Saturday, August 8, 2020
Mountain Lion Killed in Hailey’s Woodside Neighborhood
Friday, January 31, 2020


Idaho Fish and Game killed a mountain lion in Hailey’s Woodside neighborhood Thursday afternoon after receiving multiple reports of a lion around Hailey and even outside a school.

Idaho Fish and Game officers supported by local law enforcement tried to haze the lion with buck shot fired from a shotgun. But when it didn’t move, they euthanized it in the interest of public safety.

Idaho Fish and Game officers received reports of lion sightings throughout Thursday, beginning with a Facebook video a woman posted of a mountain lion running down the middle of Fox Acres Road, according to a Fish and Game officer. (One reader later clarified it was Countryside Boulevard.)  It crossed Highway 75 and ran into the chain link fence at Friedman Memorial Airport.

It then turned around and crossed back to the east side of the highway.

Later in the day officers responded to a report of a lion near Bellevue Elementary. They were unable to locate it but stationed officers around the school as a safety precaution while children were leaving school for the day.

About an hour later, they got a report of a cat roaming the Woodside subdivision. Once located, it continued to run through neighborhood yards before taking refuge under a tree. They fired buckshot at it until they finally decided to euthanize it.

“It was a Tom cat, four to five years old, between 120 and 130 pounds. A very healthy adult male,” said Terry Thompson, communications officer for Idaho Fish and Game.

Thompson said officers tried to clear the area of people before shooting out of safety concerns. But some onlookers stood behind them watching as the cat was first hazed, then euthanized.

“There was no other way to do it, given the situation,” Thompson said. “We could not let it continue to roam a neighborhood with as many residents are there are in Woodside. Due to the close proximity to dense neighborhood housing and public schools we had to euthanize it in the interest of public safety.”

Biologists are not confident the cat that was euthanized was the same one seen near Bellevue elementary earlier in the day.
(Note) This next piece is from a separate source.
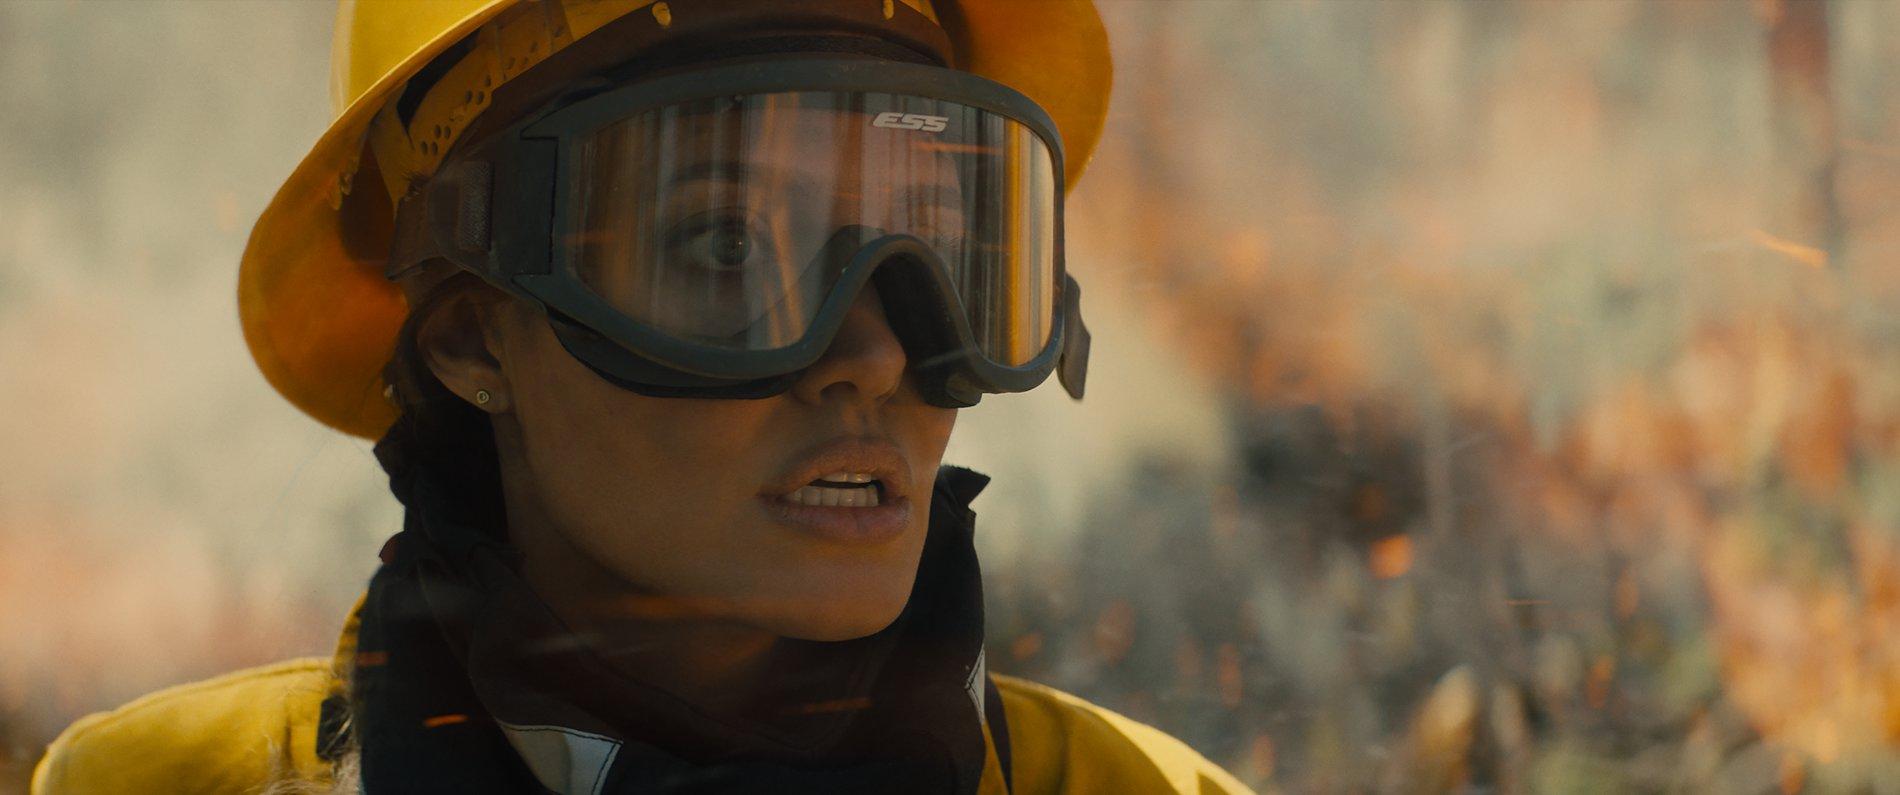 《那些要我死的人》安潔莉娜裘莉演空降消防員「每天300個伏地挺身」訓練 親自從6層樓高防火塔跳下

The number of sightings this year is concerning, especially since reports indicate that lions are not displaying what Fish and Game officers would call normal behavior, said Regional Supervisor Craig White.

“Lions are typically shy and active at night. But reports, such as we had today, are of lions that are active during the day. That is not the desired cat behavior,” he added.

While there have been no reports of cats killing pets since December, mountain lions are very much making their presence known.

Idaho Fish and Game has received more than 60 reports of mountain lion sightings throughout the Wood River Valley since Dec. 5.

Recent reports seem to be situated in the Hailey area. But that doesn’t mean they’ve moved out of Ketchum, Thompson said.

“It’s interesting that the majority of reports have moved south. But they’re still very much throughout the valley,” he said, noting multiple reports of mountain lion sightings throughout the Wood River Valley in Gimlet, Warm Springs, north Ketchum, Elkhorn, Northstar Meadows and North Hiawatha Drive off Butter Cup Road in Hailey, Griffin Ranch, Chantrelle Subdivision and Broadford road in Bellevue.

Thompson said people who see a lion should call Fish and Game or local law enforcement at 208-324-4359  or 208-788-5555 so they can continue to monitor the situation.

“We have seen an increase in activity and we are concerned about public safety. We do not want to instill panic—it hasn’t risen to that level. But we do want people to be vigilant.”

Fish and Game has gotten some pushback from euthanizing the cat.

“It’s easy to second guess when you’re not responsible for public safety,” Thompson said. “We will never apologize for doing something in the interest of public safety.”

People should keep small children, cats, dogs and other pets inside, if possible.

Don’t feed pets outside during winter and accompany them during nighttime hours when they need to go out to pee. Watch your animals for unusual behavior, which may alert you that wildlife could be nearby.